Folayan teamed up with Damon Davis, whose father was a member of the Black Panther Party and mother was a sharecropper. A native of St. Louis, he was able to become part of the struggle from the outset. Wikipedia reports:

In Ferguson, Missouri in 2014, while awaiting the grand jury decision on whether to indict police officer Darren Wilson for fatally shooting Michael Brown, Davis created a public art project on storefronts boarded up in anticipation of unrest. Working with store owners, he wheatpasted the plywood-covered windows of participating stores with a series of posters developed from his photographs of hands in the “hands up” gesture Brown was allegedly making when Wilson shot him. Davis described the project at aiming to create “something visually appealing, just to give the people hope, and let them know we stand with them.” Mic called the project “the most powerful street art in America.”

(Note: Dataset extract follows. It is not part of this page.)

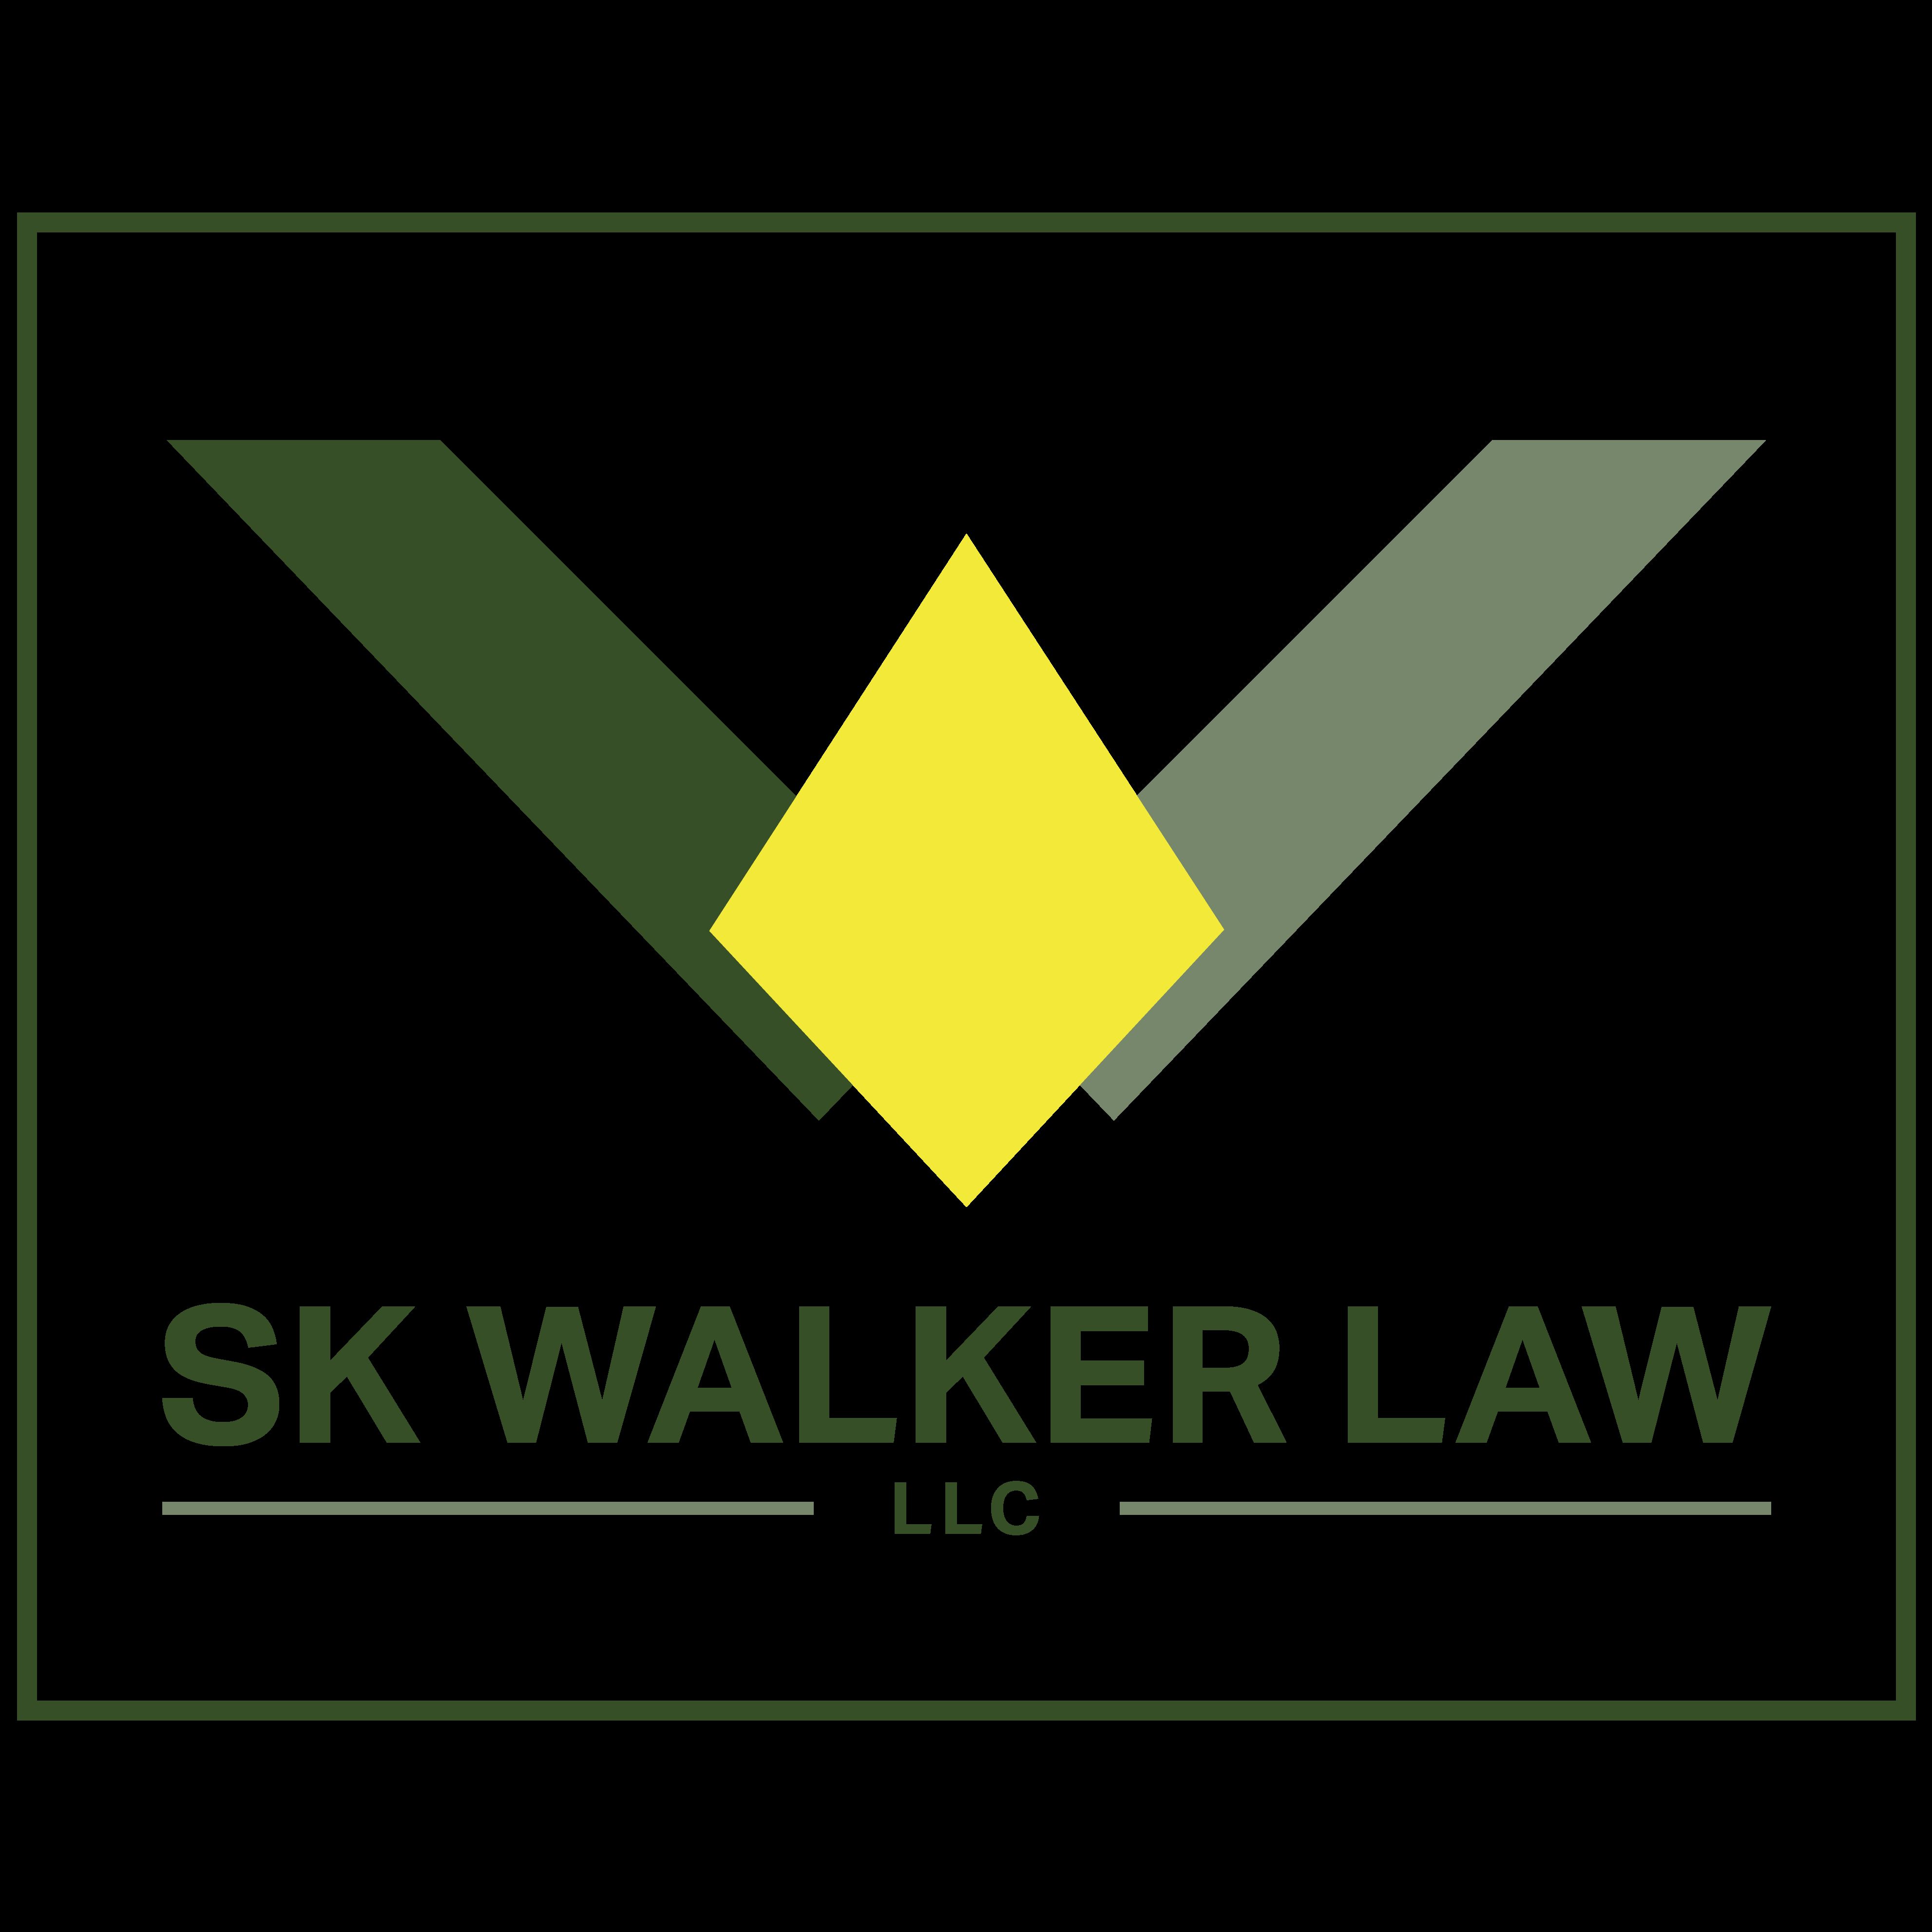 Business Law in Marion, Illinois

In 2016, the Museum of Contemporary Art San Diego showed the photographs from the project in an exhibit called “Damon Davis: All Hands on Deck.” An original window board from the Ferguson installation is part of the permanent collection at the National Museum of African American History and Culture.

As I have stated in the past, I consider documentary filmmakers of the past to be part of an informal vanguard that will ultimately become the party that leads a revolution in the USA. You should consider Sabaah Folayan and Damon Davis the vanguard of the vanguard.